Effective this year are several changes to Stark II that are apt illustrations of the continued tweaking the law undergoes. Changes impact fundamental exceptions to in-office procedures, physician-service contracts and the "stand-in-the-shoes" provisions particularly. Some specialties, such as radiology and sleep medicine, are hit particularly hard. Relationships between physicians and entities that provide designated health services may have to be restructured to comply with Stark changes.
"Anytime you take a complex situation and try to take care of it with regulations, it never quite fits right and always has unintended consequences, even when it starts out with good intent," said Scott Stringer, MD, associate vice chancellor for clinical affairs at the University of Mississippi Medical Center.
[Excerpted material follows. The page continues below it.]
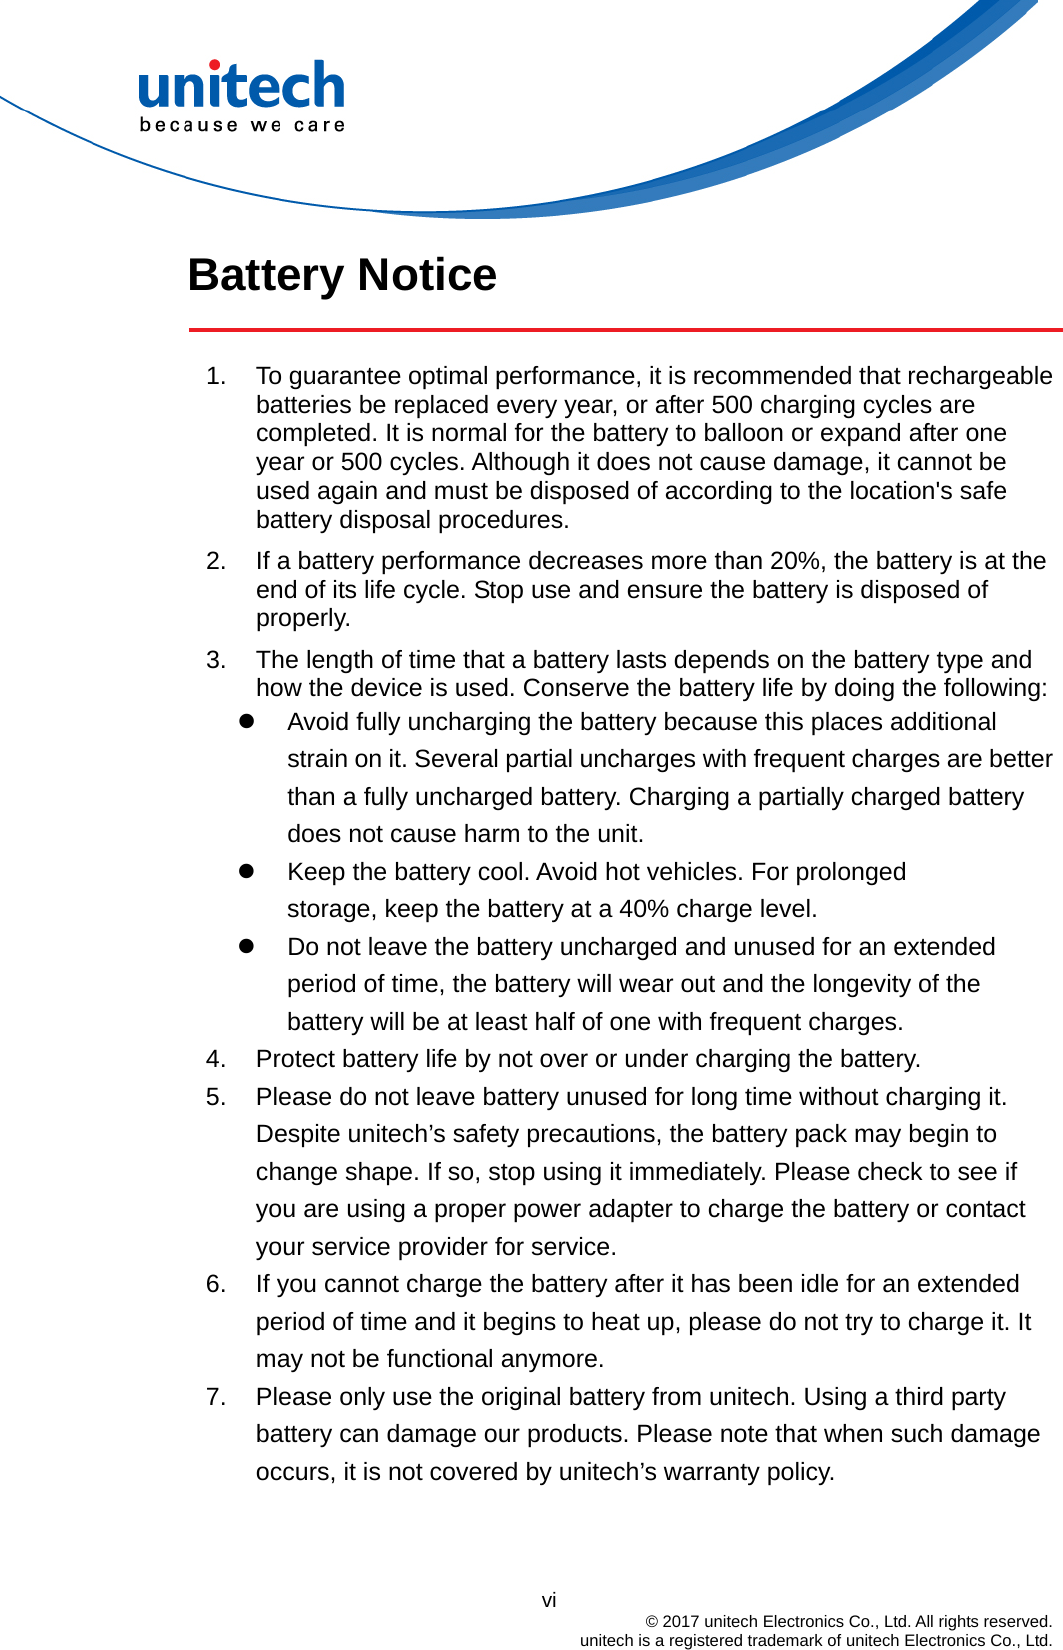  Battery Notice  1.  To guarantee optimal performance, it is recommended that rechargeable batteries be replaced every year, or after 500 charging cycles are completed. It is normal for the battery to balloon or expand after one year or 500 cycles. Although it does not cause damage, it cannot be used again and must be disposed of according to the location&apos;s safe battery disposal procedures. 2.  If a battery performance decreases more than 20%, the battery is at the end of its life cycle. Stop use and ensure the battery is disposed of properly. 3.  The length of time that a battery lasts depends on the battery type and how the device is used. Conserve the battery life by doing the following:   Avoid fully uncharging the battery because this places additional strain on it. Several partial uncharges with frequent charges are better than a fully uncharged battery. Charging a partially charged battery does not cause harm to the unit.   Keep the battery cool. Avoid hot vehicles. For prolonged              storage, keep the battery at a 40% charge level.   Do not leave the battery uncharged and unused for an extended period of time, the battery will wear out and the longevity of the battery will be at least half of one with frequent charges. 4.  Protect battery life by not over or under charging the battery. 5.  Please do not leave battery unused for long time without charging it. Despite unitech’s safety precautions, the battery pack may begin to change shape. If so, stop using it immediately. Please check to see if you are using a proper power adapter to charge the battery or contact your service provider for service. 6.  If you cannot charge the battery after it has been idle for an extended period of time and it begins to heat up, please do not try to charge it. It may not be functional anymore. 7.  Please only use the original battery from unitech. Using a third party battery can damage our products. Please note that when such damage occurs, it is not covered by unitech’s warranty policy.                                           vi  © 2017 unitech Electronics Co., Ltd. All rights reserved.   unitech is a registered trademark of unitech Electronics Co., Ltd.

Stringer, who also has a master's in administrative medicine, added, "I don't know that it's something that got off track with Stark as much as it's trying to regulate through a Congress that can't possibly understand such a complex healthcare environment. There's a saying: If you've seen one medical center or one physician group, you've seen one."
While acknowledging that overutilization ramps up healthcare costs, Stringer said there are good reasons for hospitals, physicians and ancillary facilities to work together, and the result can be better care at a lower cost. Thus, the seemingly never-ending trail of exceptions.
One of those is the academic medical center exception, which essentially recognizes that, while academic medical centers are several operations legally structured in different ways, they should be viewed as one entity. Stringer said they actually could use "more clear recognition of our unified status" than currently exists.
As for Blumstein, he said, "I think the law needs some updating and some fine-tuning, but you won't get consensus because of the strong interest groups involved about what the right fix is." He pointed to the issue of large general hospitals versus specialty hospitals. "I'm not sure that I agree with the far-reaching position of some of the advocates for general hospitals, which is to get rid of the physician ability to refer to their own specialty hospital that they own," he said, but he added that perhaps payments to specialty hospitals should be less.
Could Stark be simplified? Krause said ideas "have been floated" to split Stark, taking it back to its original intent of prohibiting referrals to entities with which the physician has an ownership interest. When Stark went down the road of physician compensation instead of just ownership, that's when things got messy, she said. She suggested that the compensation side could be handled by the Anti-kickback Statute.
"You don't have these problems with the Anti-kickback Statute. You have safe harbors that are confusing, but at most, ever since 10 years ago, the government caught up and finalized the things that had been pending a while. At most, you have one or two of them that are under consideration at a time for being changed," she said.
Meanwhile, is Stark even enforced? "It is enforced, but not in the way that you would think," Krause said. "One of the oddest things about Stark is that it's hard to find cases where the federal government is actually using the enforcement structure in Stark itself. … The way it's mostly been enforced is somebody bringing a False Claims Act suit."
Added Blumstein, "I think the practical way this gets enforced is partway through professional norms. These deals that used to be rampant have dried up."